The Strike Out Application
In early 2020, Chedington made an application to strike out both applications on the grounds that the Brakes lacked standing under sections 168(5) and 303(1) of the Act. Both strike out applications were granted by HHJ Matthews on the basis that the Brakes’ only interest (as trustees of the Brake Trust and in their personal capacities as bankrupts) was as potential bidders for the Cottage. In the case of the Bankruptcy Application, HHJ Matthews found that on the facts it was unlikely there would be a surplus in the bankruptcy estate to give them standing.
The Court of Appeal [2020] EWCA Civ 1491
The Brakes appealed.
The Court of Appeal dismissed the appeal in the Liquidation Application, however it granted the appeal on the Bankruptcy Application. The Court of Appeal held that the approach taken by HHJ Matthews was wrong to focus on whether there was any surplus in the bankruptcy to give a bankrupt standing. Instead, the Court of Appeal held that the test for standing should be whether the bankrupt has a substantial interest which has been affected by the conduct complained of and a direct interest in the relief sought to give them standing under section 303(1) in their personal capacities as bankrupts.
Supreme Court Decision
The Supreme Court held on 10 August 2023 that the test for standing propounded by the Court of Appeal was based on a far broader test than was warranted by the authorities. Aspen LJ relied on the very general terms that the applicant must have a legitimate interest in the relief sought. The Supreme Court found that this is only the beginning of the enquiry and it is necessary to examine the factors that give the applicant a legitimate interest in the relief sought.
The Supreme Court clarified that an applicant will only have standing under section 303(1) of the Act in three categories of cases:
- Creditors - where their application concerns their interests as creditors, because the bankrupt's estate or the assets of the company in liquidation are administered under the terms of the statutory trust for their benefit as creditors.
- Bankrupts - where there is or is likely to be a surplus, the bankrupt or contributories are also persons for whose benefit the estate or assets are being administered, and therefore they have standing in respect of their interests in the surplus.

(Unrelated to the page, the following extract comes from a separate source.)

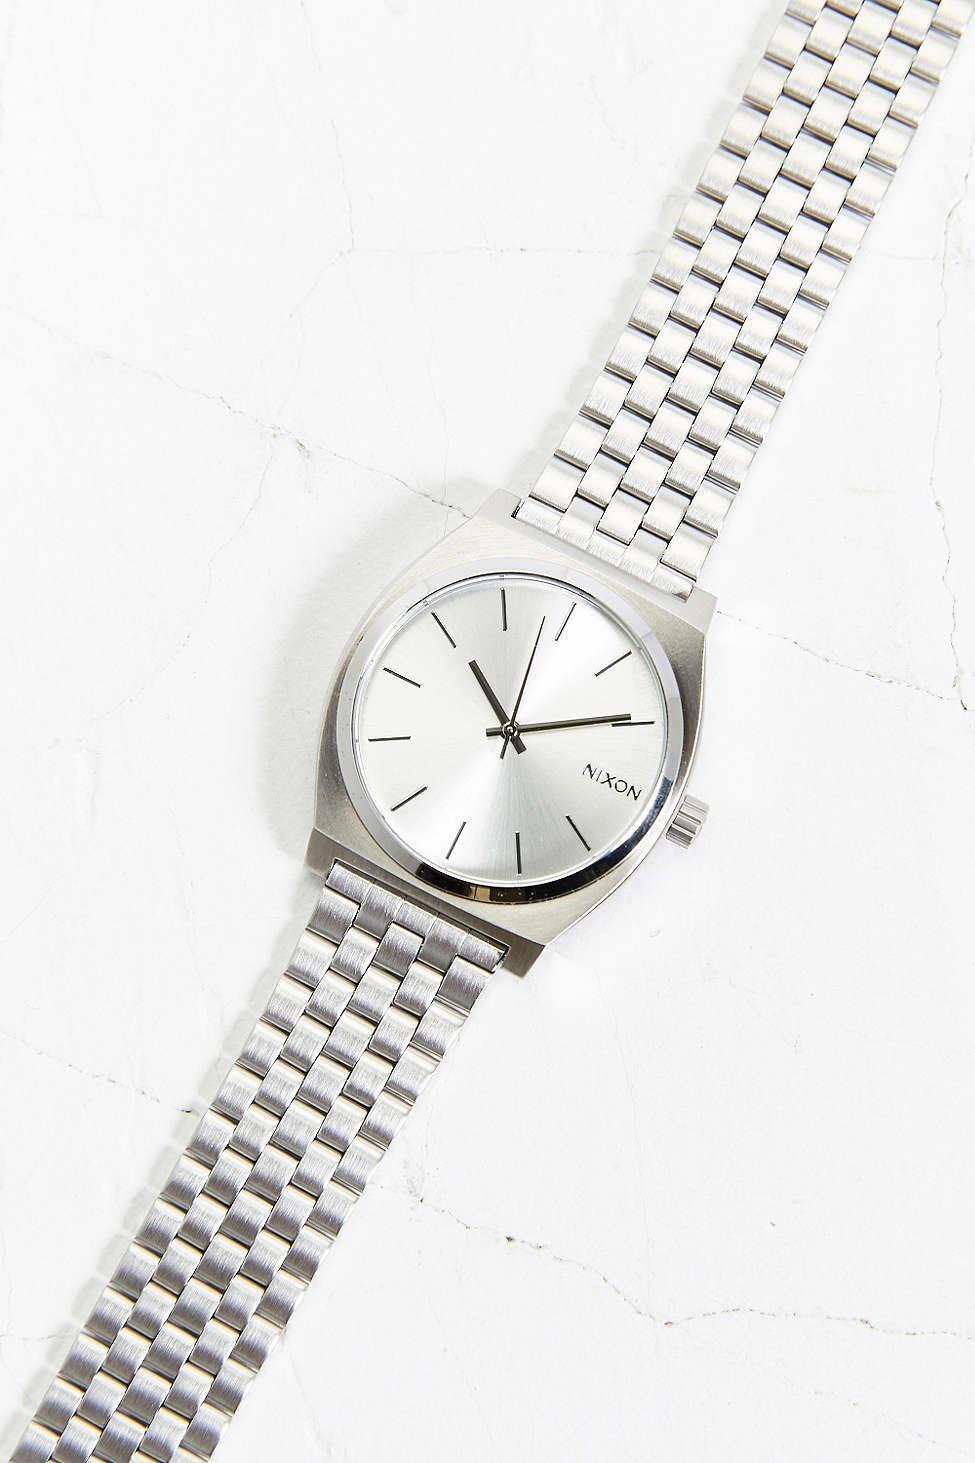 Nixon Metal Time Teller Watch $100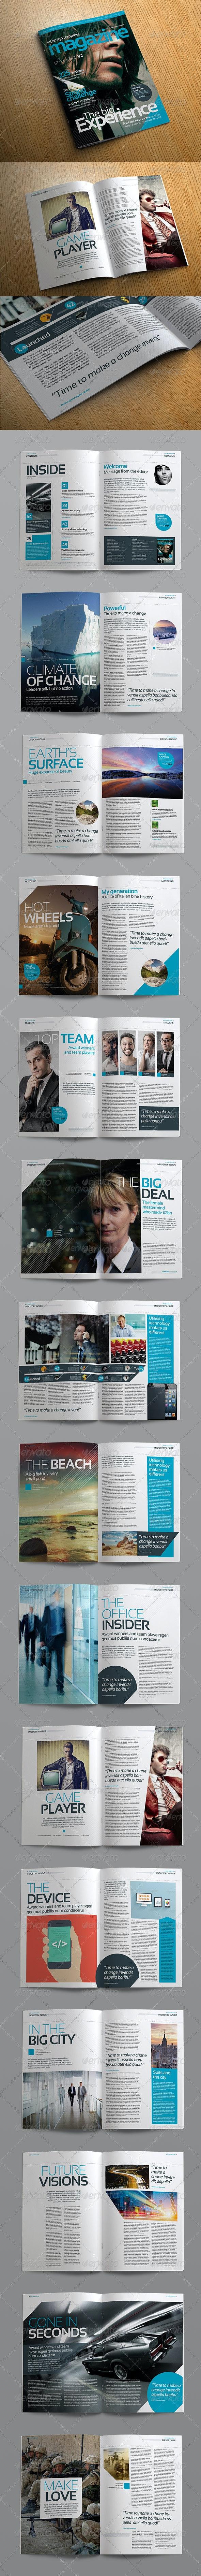 Stylish Volume 2 InDesign Magazine Template - Magazines Print Templates

- There is a limited class of cases where creditors, bankrupts, contributories or others will have standing, but only in respect of matters directly affecting their right or interests and arising from powers conferred on trustees or liquidators which are peculiar to the statutory bankruptcy or liquidation regime. There is existing case law which provides good examples of those limited categories. For example in Engel v Peri [2002] EWHC 799 (Ch) the court decided that in the context of a bankrupt’s application for annulment under section 282(1)(b) of the Act, a bankrupt has standing under section 303(1) of the Act to challenge the quantum of the trustee’s remuneration and expenses, because it affects the amount of money required to be paid by the bankrupt to secure the annulment. In re Hans Place Ltd [1992] BCC 737 the court provided that it cannot have been intended for Parliament to confer a power such as disclaiming onerous property on a liquidator without providing some means for the landlord to challenge it, in circumstances where absent of a challenge under section 168(5) of the Act the landlord would be left with no means to challenge the liquidator’s decision.
The Supreme Court concluded that the Brakes did not fall within any of the above three categories and as such did not have standing to make the Bankruptcy Application.
The Supreme Court confirmed in this judgment that these principles are equally applicable to the equivalent section 168(5) of the Act relating to the standing of creditors and others to challenge a decision of the liquidators in a compulsory winding-up and will no doubt be welcomed by office holders.